Nil levantó la cabeza hacia el imponente edificio.

—Aquí dentro, oculto en algún sitio, se encuentra un libro que tal vez me permitirá saber un poco más sobre la epístola del decimotercer apóstol. Pero hay algo que no comprendo, Rembert: ¿qué tienen que ver los templarios con esta historia?

Leeland ya no le escuchaba. ¿Por qué Lev Barjona le había enviado dos invitaciones?

Maquinalmente marcó el código de entrada de la reserva del Vaticano.

Al oír el sonido del timbre, Breczinsky cogió nerviosamente del codo a su interlocutor.

—Seguro que son ellos, no espero a nadie más esta mañana. Si sale por delante, le verán. La reserva posee una escalera que conduce directamente a la Biblioteca Vaticana; le acompañaré hasta ella; apresúrese, llegarán enseguida.

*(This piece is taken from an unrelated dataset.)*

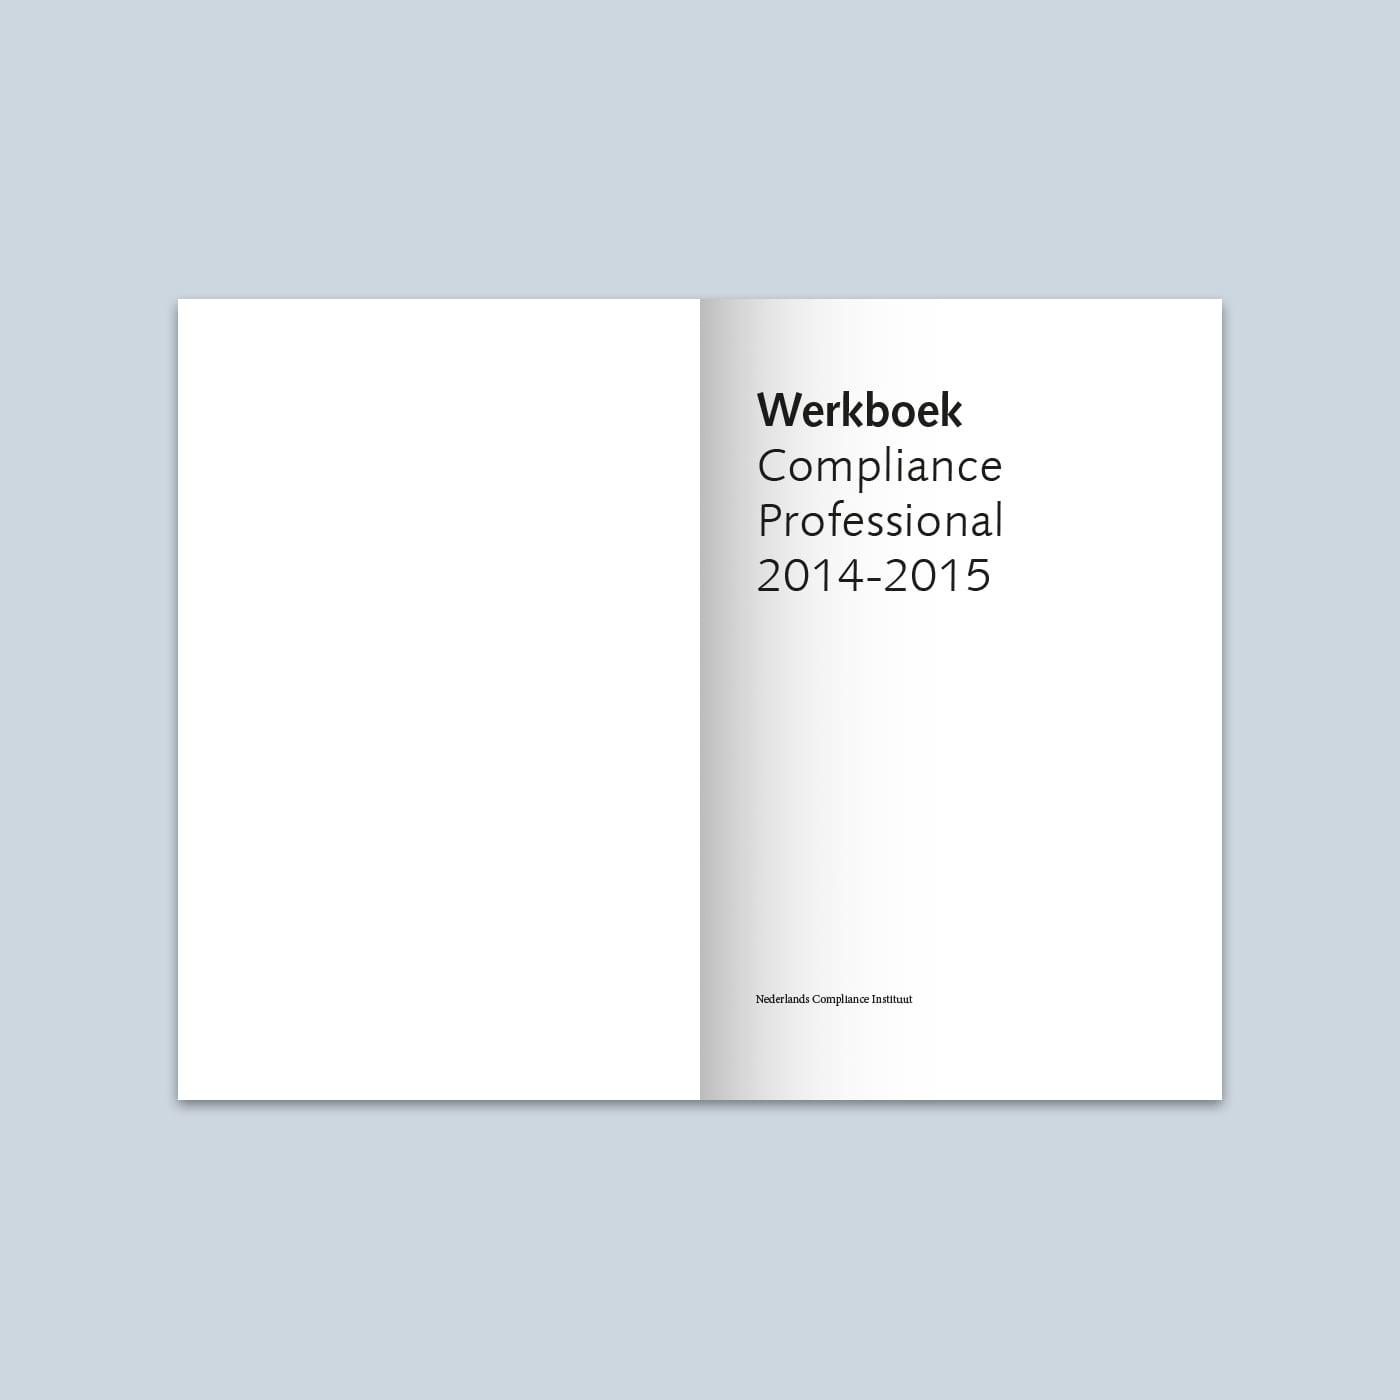 Werkboek Compliance Professional 2015 titelpagina

Antonio, vestido con una severa sotana, lanzó una mirada al polaco. El rostro macilento del bibliotecario revelaba una profunda agitación. Había sido fácil: al cabo de unos instantes de entrevista en su despacho, Breczinsky había parecido fundirse ante él. El cardenal conocía bien el alma humana: bastaba con saber encontrar la herida secreta, y presionar sobre ella.